▶ Information given:
________________

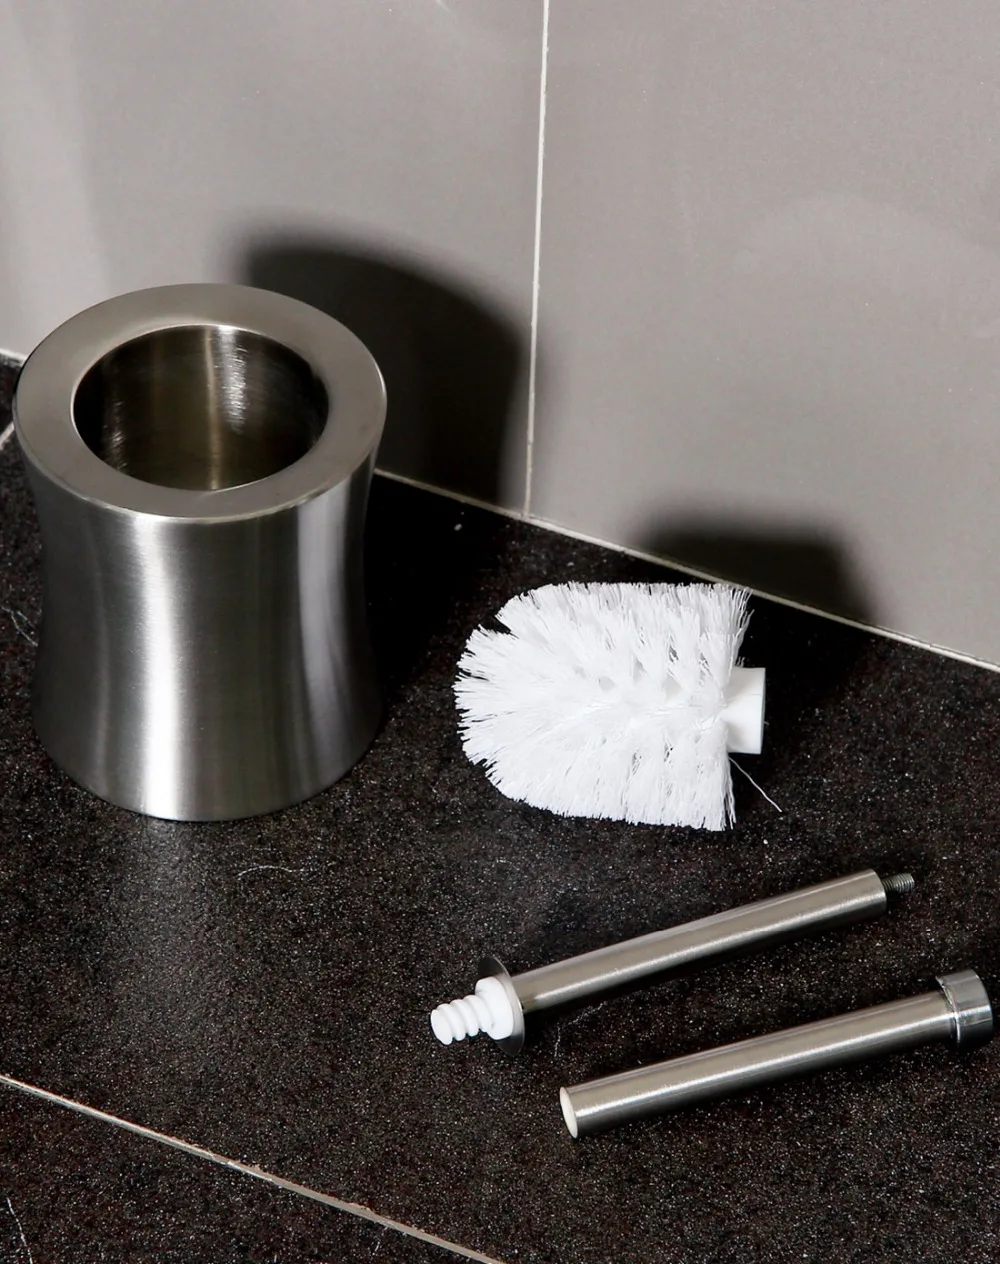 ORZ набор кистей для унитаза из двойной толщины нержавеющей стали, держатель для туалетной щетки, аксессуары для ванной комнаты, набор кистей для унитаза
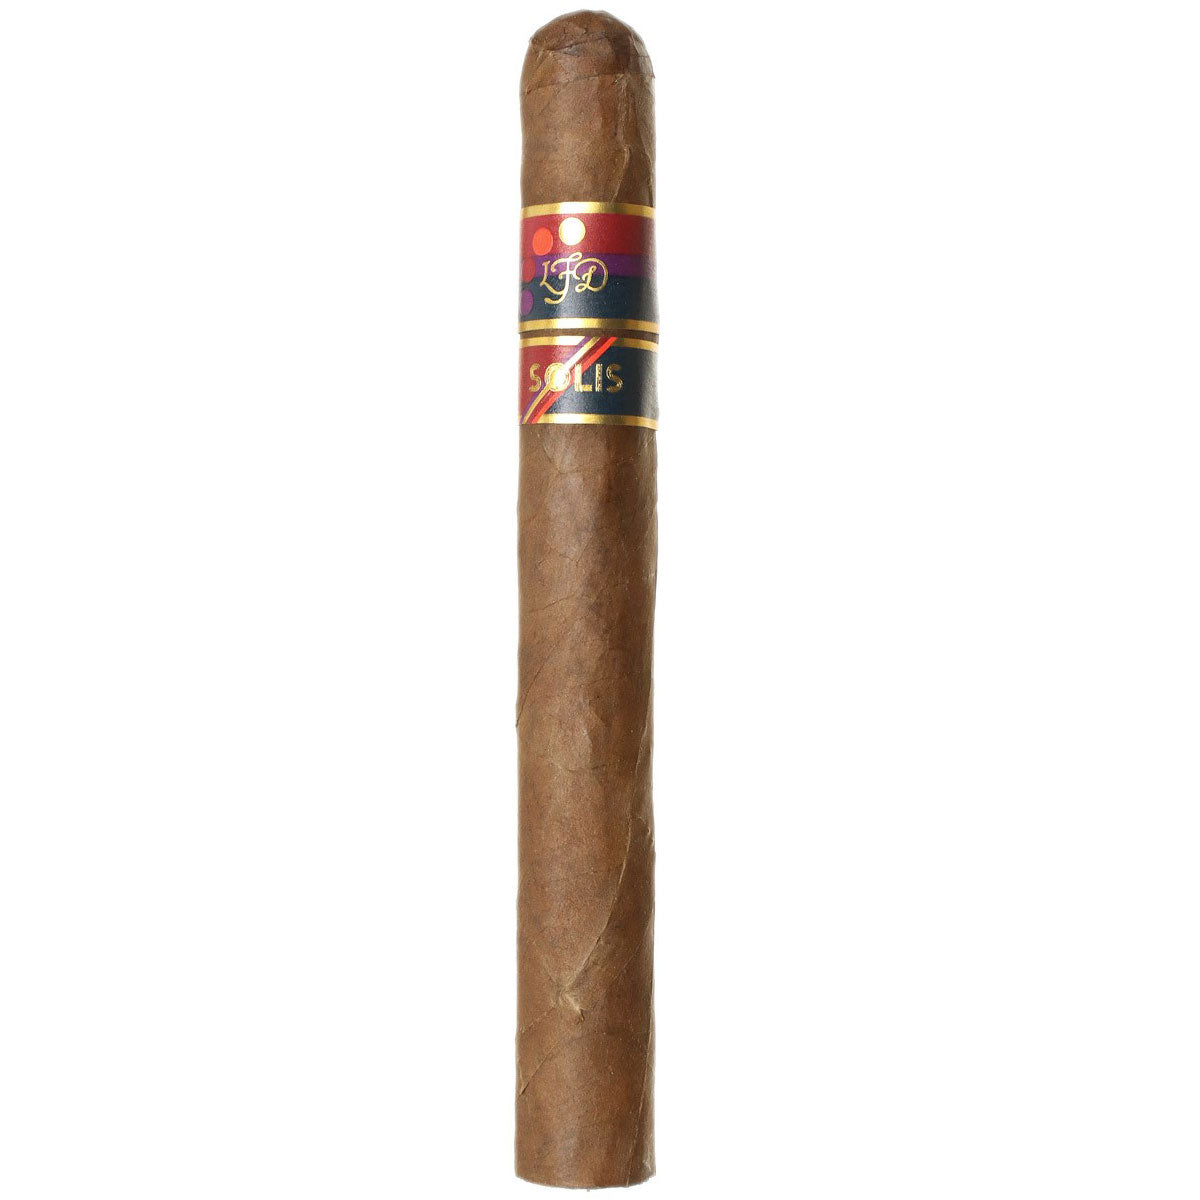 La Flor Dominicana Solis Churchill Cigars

________________

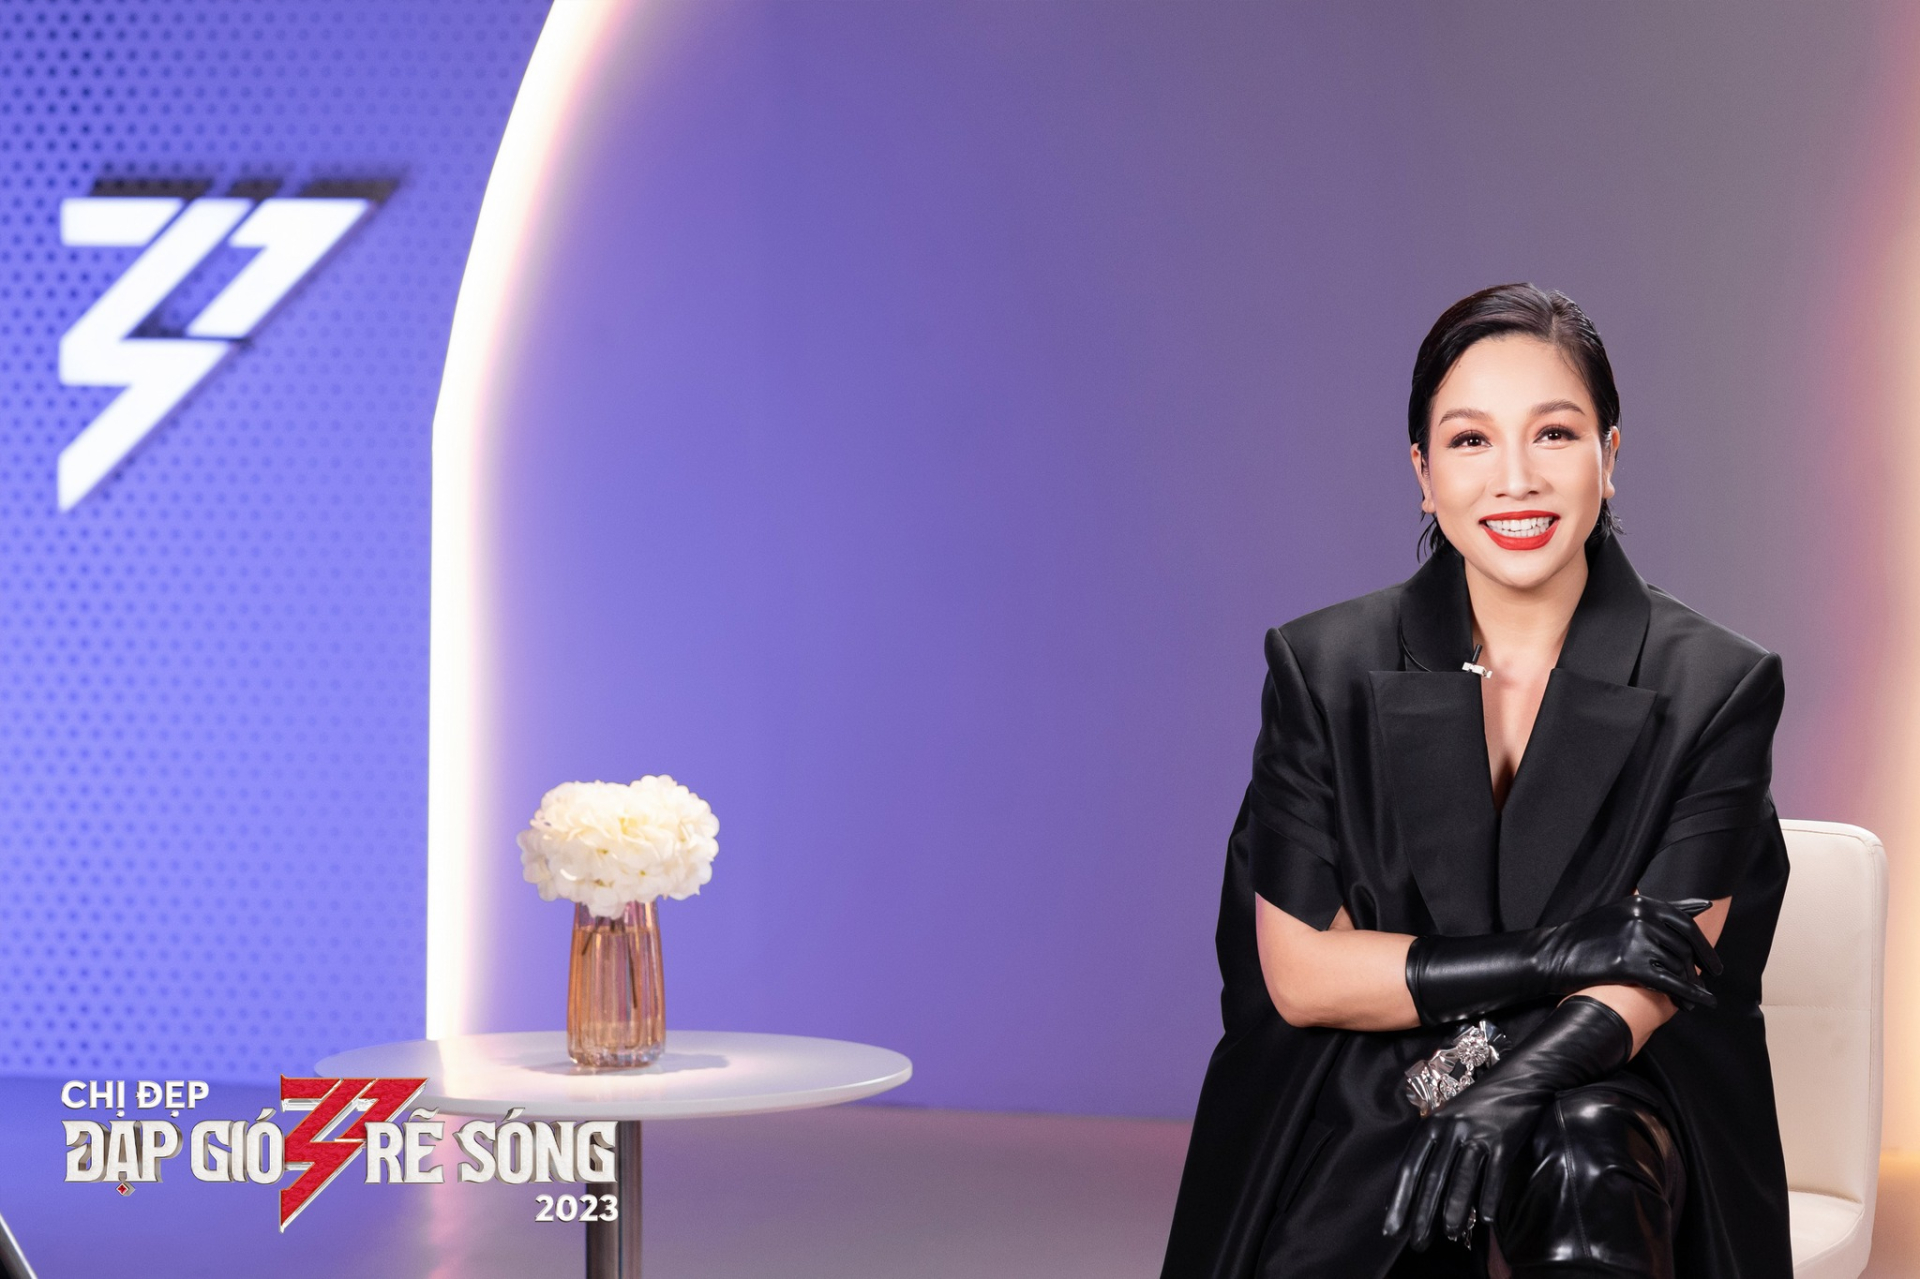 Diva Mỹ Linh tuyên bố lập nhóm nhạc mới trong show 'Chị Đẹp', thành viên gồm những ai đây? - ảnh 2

________________

Every line above between the one containing "ORZ набор кистей" and the one containing "La Flor Dominicana Solis Churchill Cigars", those two included, is to be printed exactly. No pictures go into the copy.

 ORZ набор кистей для унитаза из двойной толщины нержавеющей стали, держатель для туалетной щетки, аксессуары для ванной комнаты, набор кистей для унитаза
 La Flor Dominicana Solis Churchill Cigars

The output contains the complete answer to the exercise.